There's certainly more to be extrapolated from that, and more to explore (the Truth Maintenance Systems are particularly something interesting to me). But here were some interesting takeaways from that conversation, things I've been thinking over since:
- AI should be "accountable", in the sense that it should be able to express its symbolic reasoning, and be held up to whether or not its assumptions held up to that.
- Look more into the propagators model... it's like asynchronous programming meets functional programming meets neural nets meets a bunch of other interesting AI ideas that have been, like so many things, dropped on the floor for the last few decades from the AI winter, and which people are only now realizing they should be looking at again.
- On that note, there's so much computing history to look at, so many people are focused on looking at what the "new hotness" is in web development or deployment or whatever. But sometimes looking backwards can help us better look forwards. There are ideas in SICP that people are acting as if they just discovered today. (That said, the early expressions of these ideas are not always the best, and so the past should be a source of inspiration, but we should be careful not to get stuck there.)

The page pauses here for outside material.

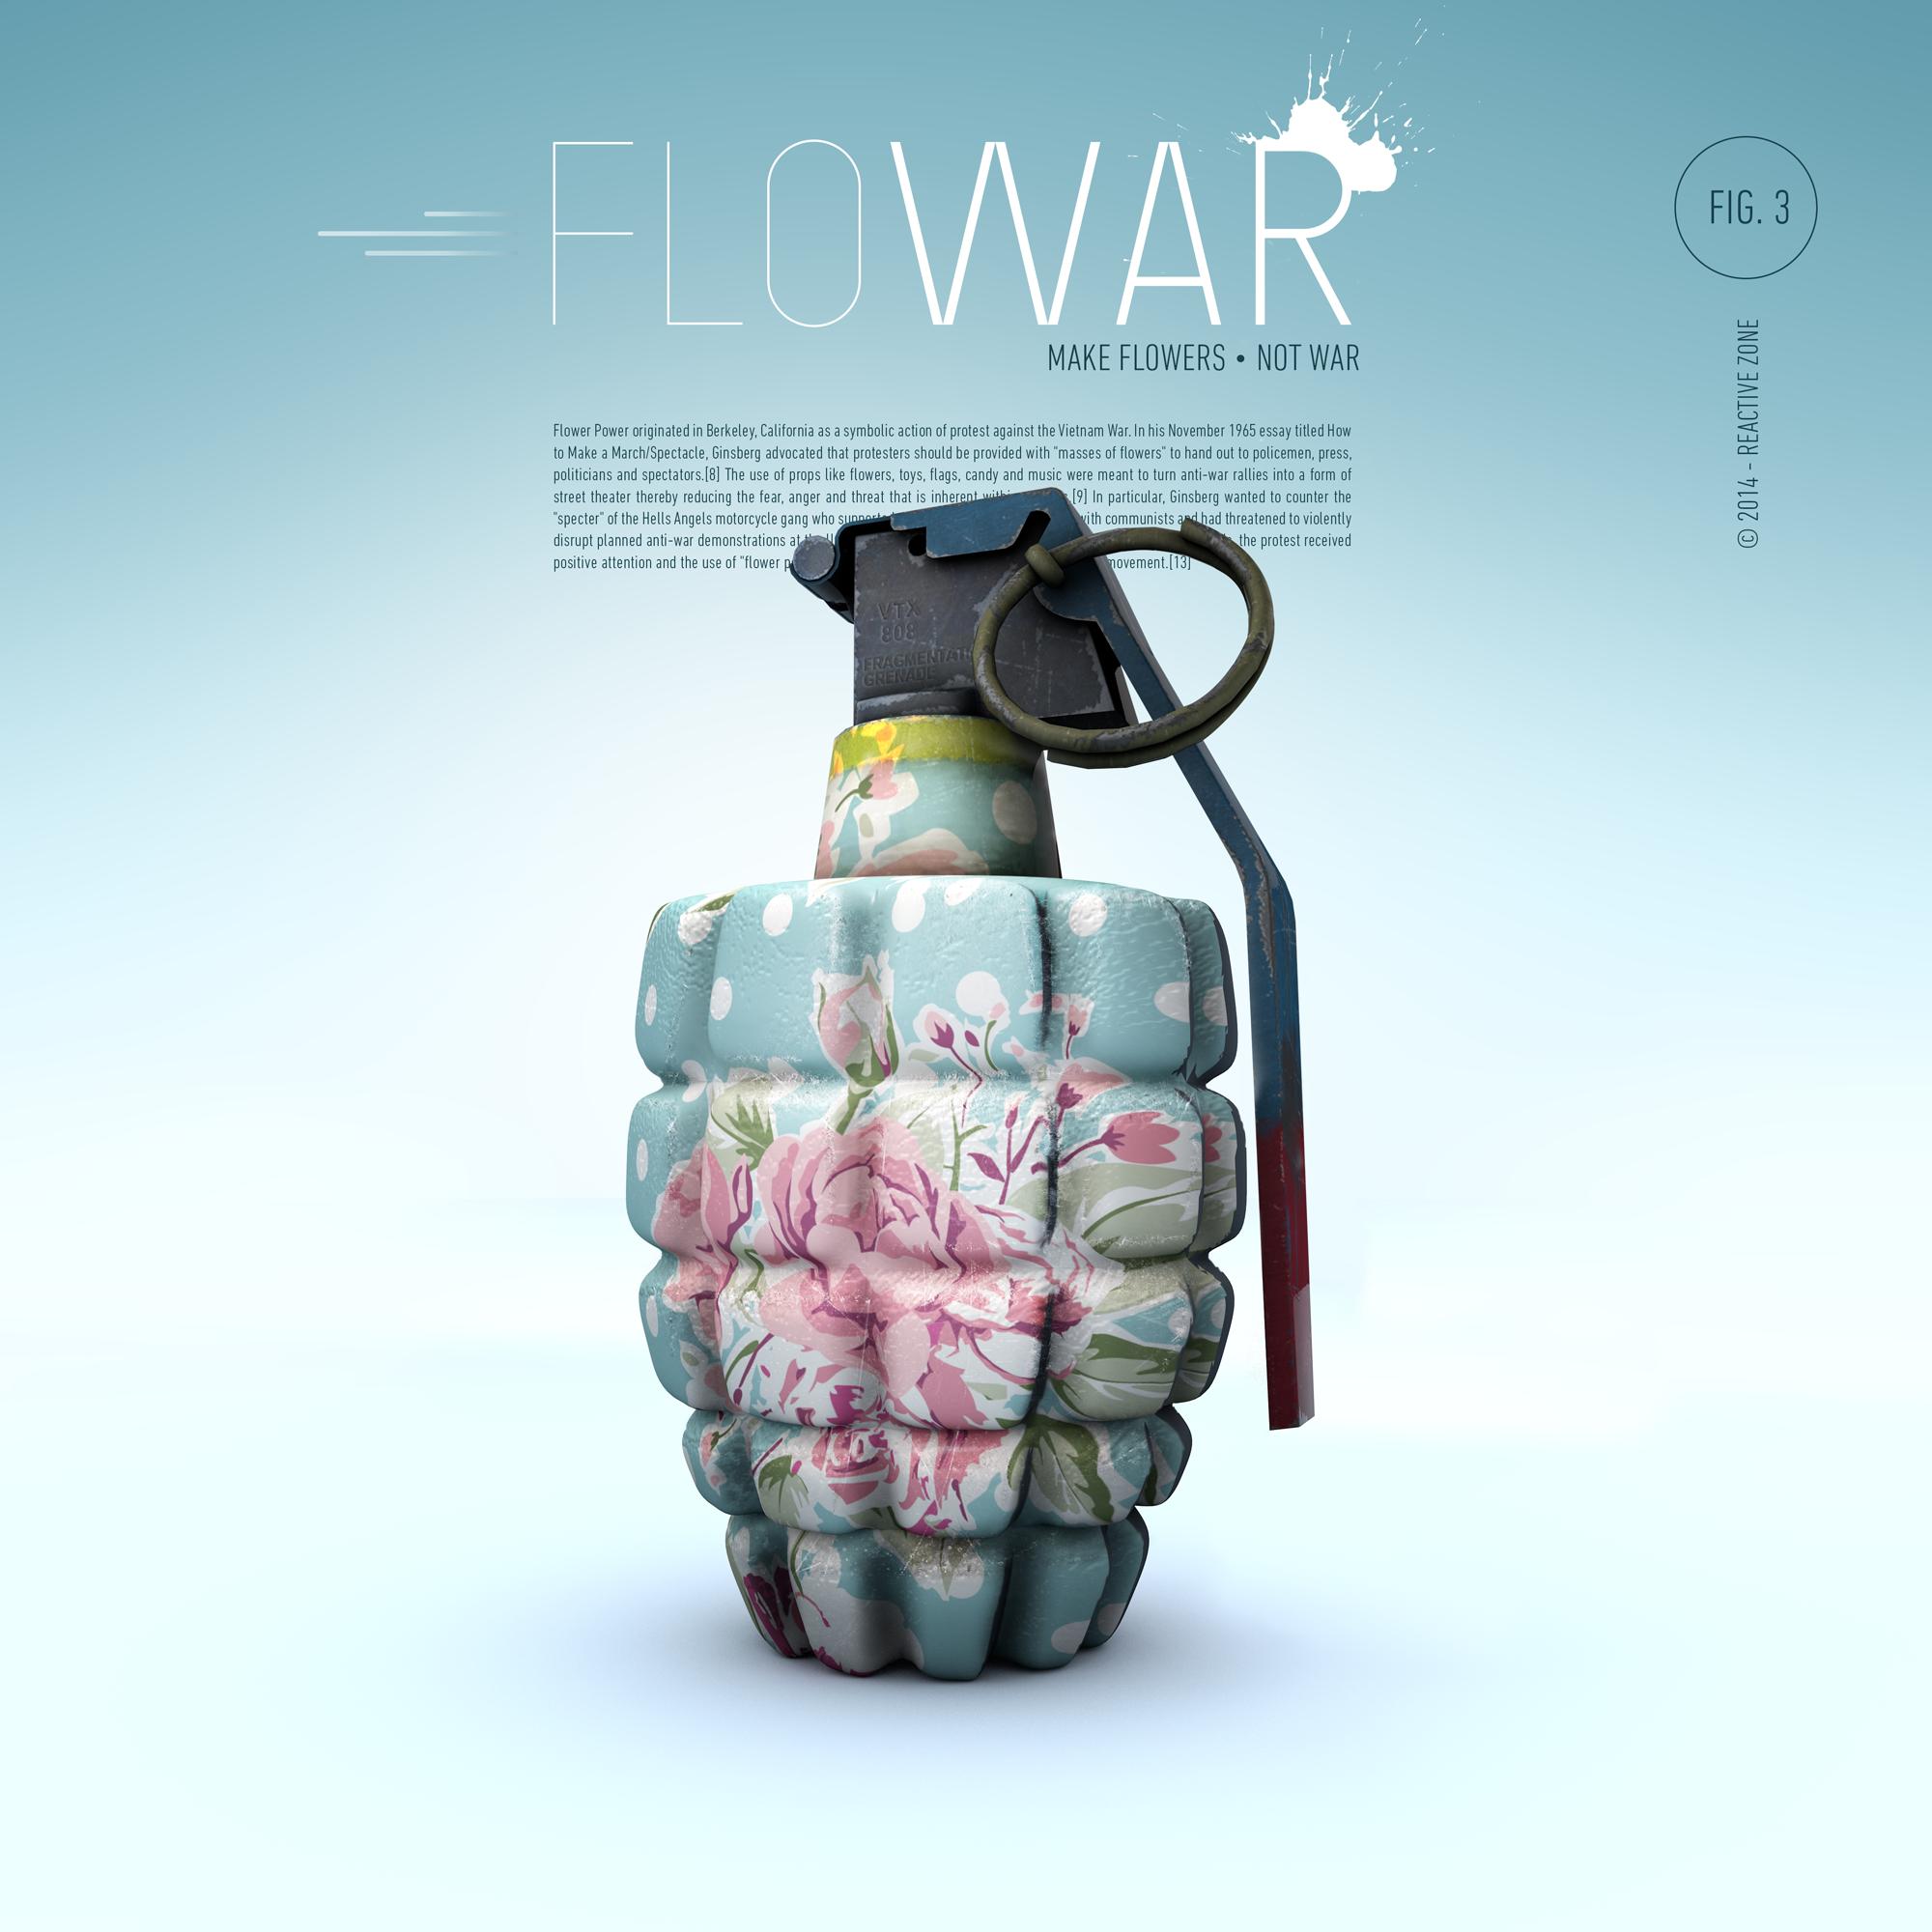 Flower-Power-Master-01

- Traditional mathematical notation and electrical engineering diagrams might not convey clearly their meaning, and maybe we can do better. SICM seems to be an entire exploration of this idea.
- Free software advocates have long known that if you can't inspect a system, you're held prisoner by it. Yet this applies not just to the layers that programmers currently code on, but also into new and more abstract frontiers. A black box that you can't ask to explain itself is a dangerous and probably poorly operating device or system.
- And for a fluffier conclusion: "If you didn't have fun, we were doing it wrong." There's fun to be had in all these things, and don't lose sight of that.